══ INFORMATION ══
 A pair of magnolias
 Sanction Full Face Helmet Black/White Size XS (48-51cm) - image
═══
══ INFORMATION ══
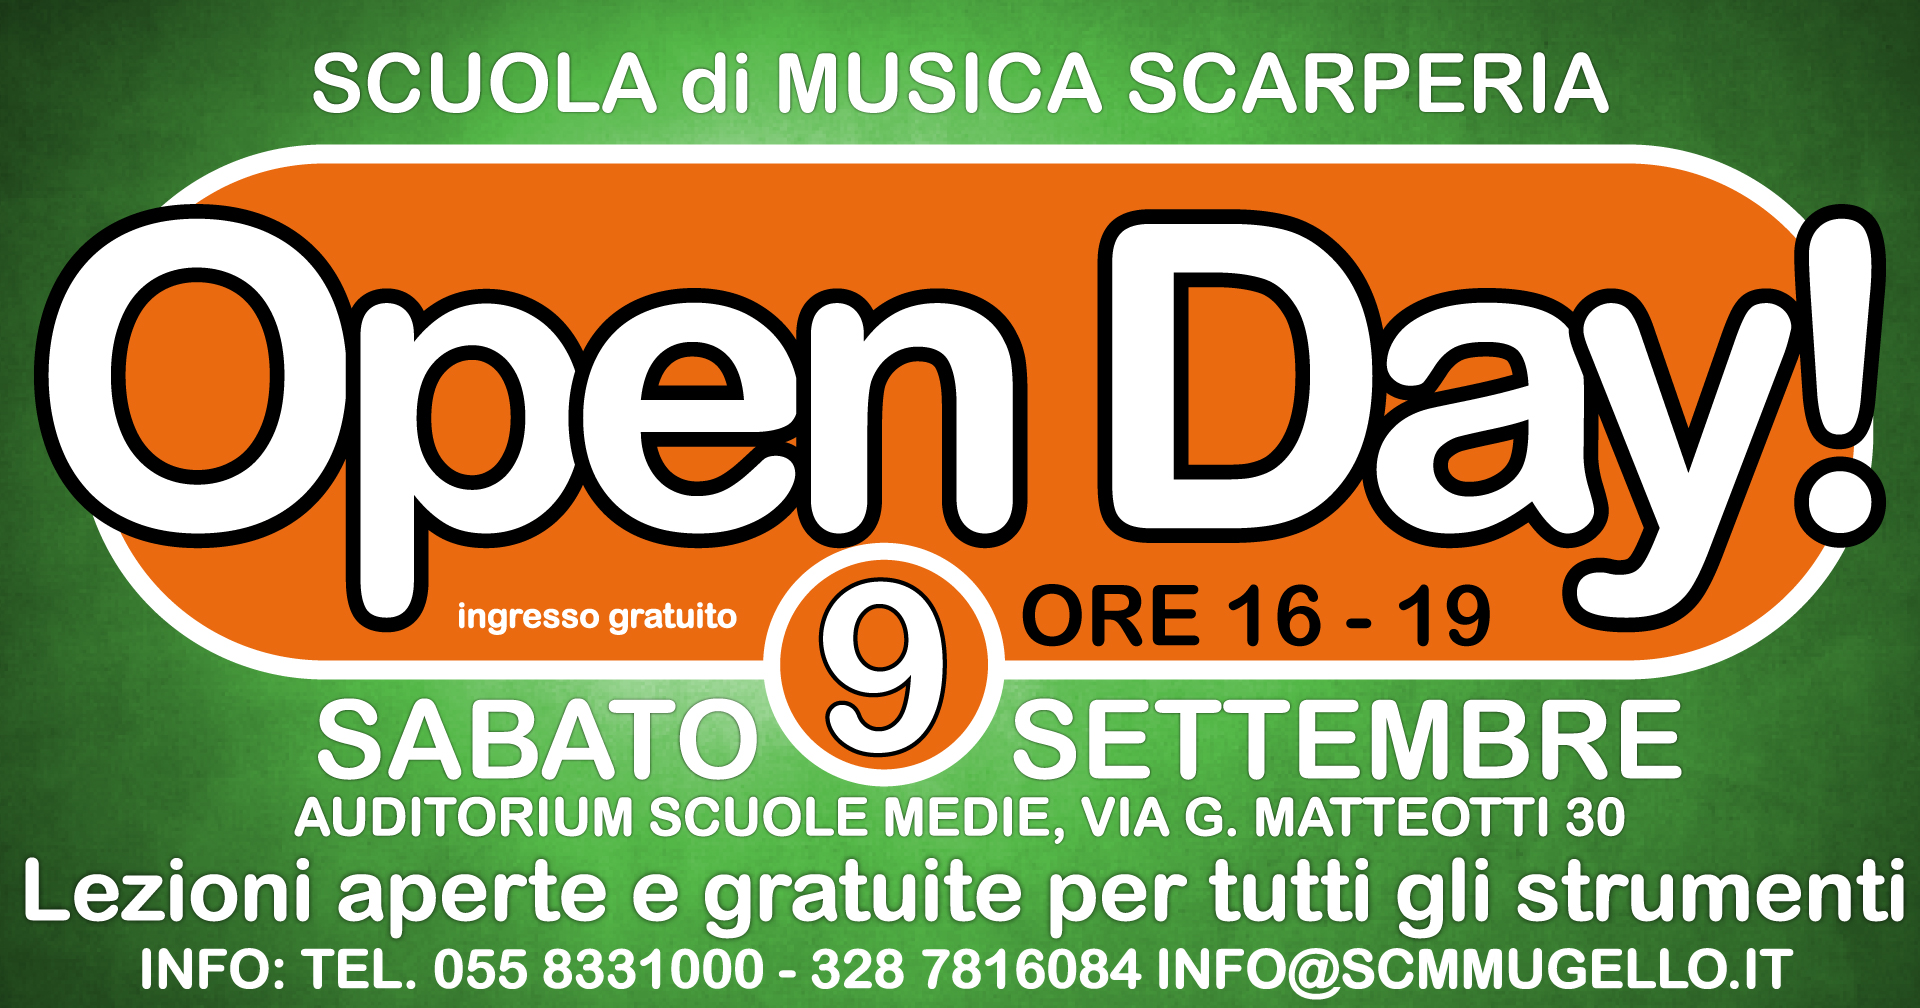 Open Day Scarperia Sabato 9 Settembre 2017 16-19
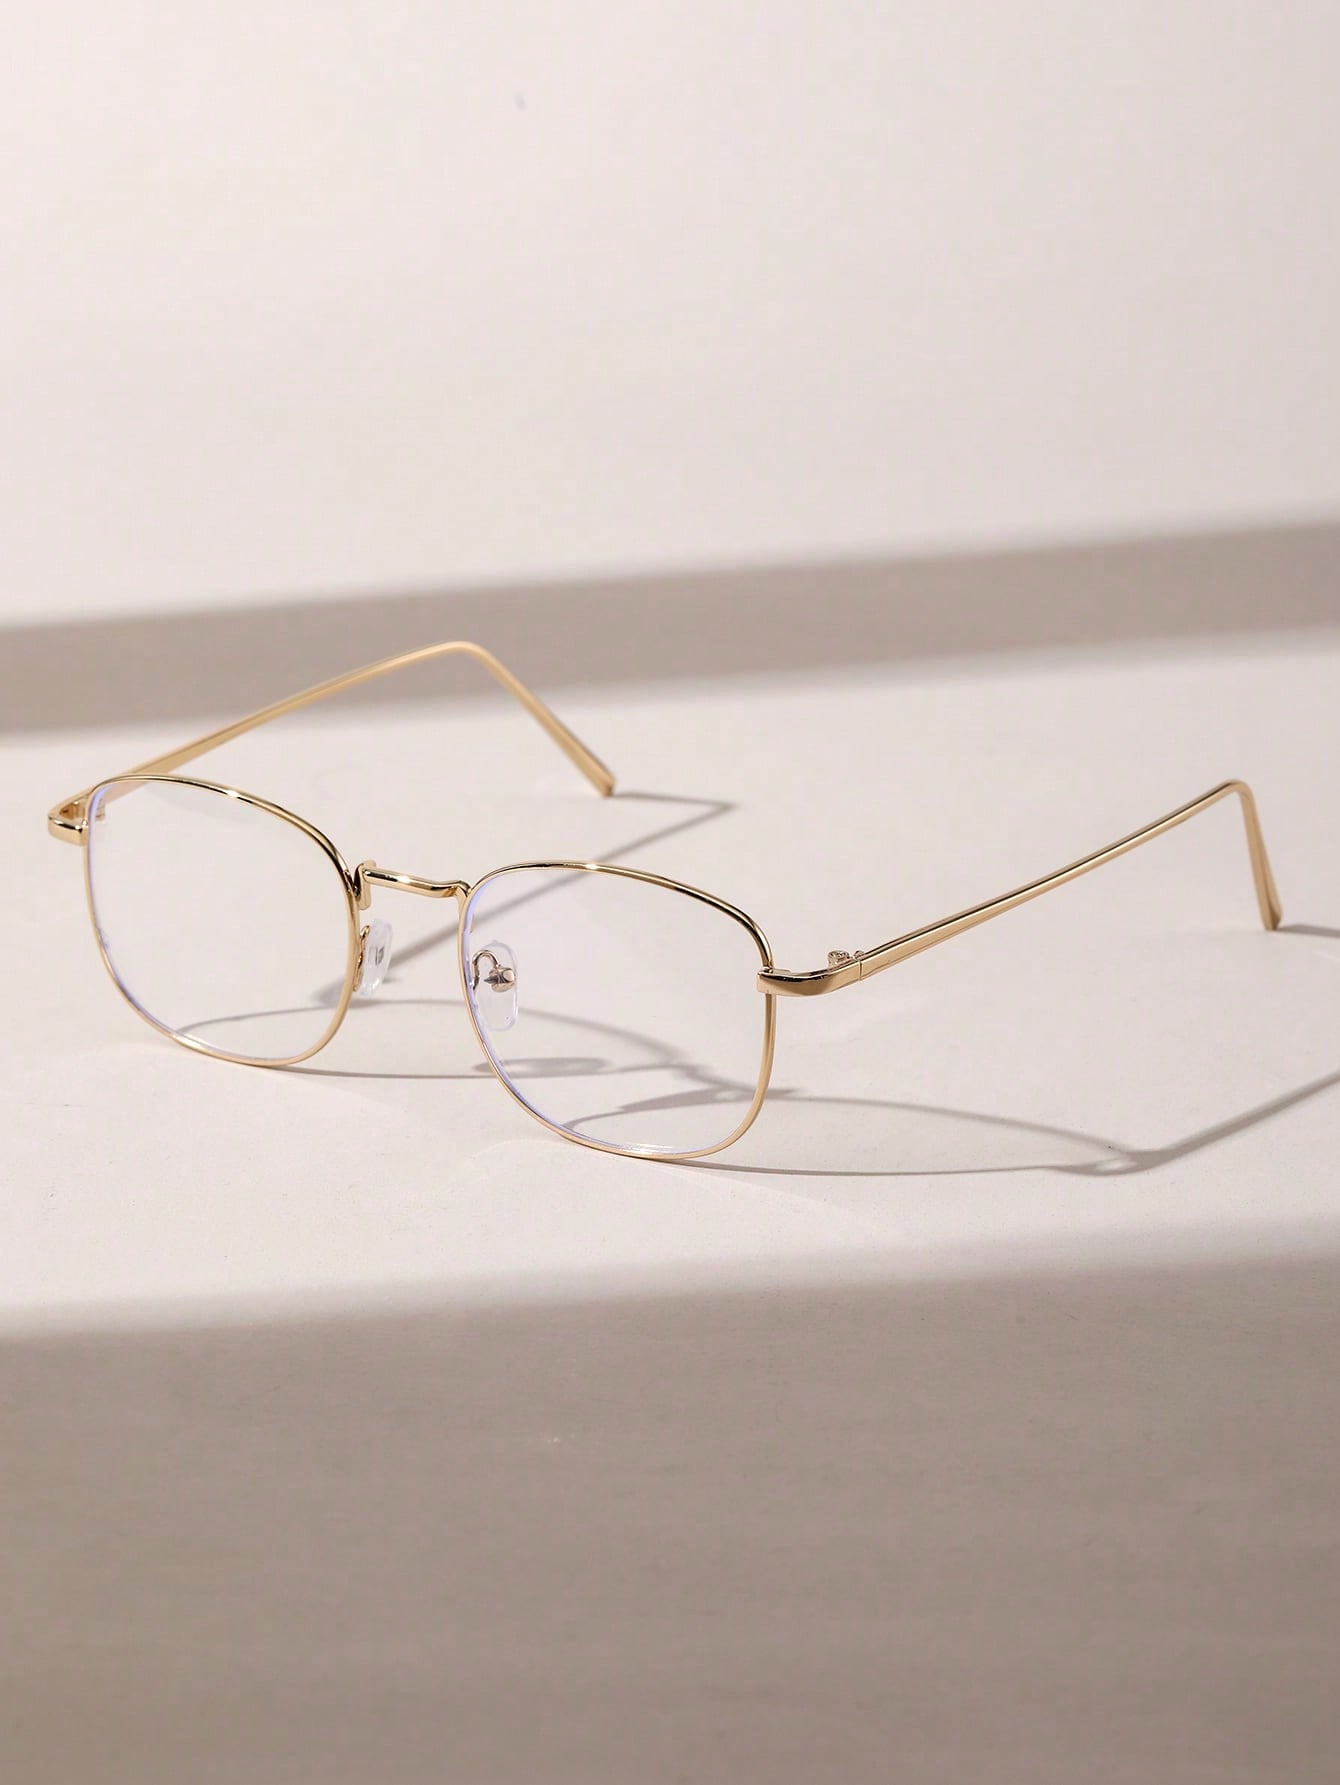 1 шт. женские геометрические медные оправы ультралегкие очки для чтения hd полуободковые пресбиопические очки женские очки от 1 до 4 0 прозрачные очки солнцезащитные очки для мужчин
═══
EXERCISE DETAILS - Repeat word for word the lines above that run from the line containing "A pair of magnolias" through the line containing "Sanction Full Face", both ends included, and nothing else.

RESULT OF THIS EXERCISE -
 A pair of magnolias
 Sanction Full Face Helmet Black/White Size XS (48-51cm) - image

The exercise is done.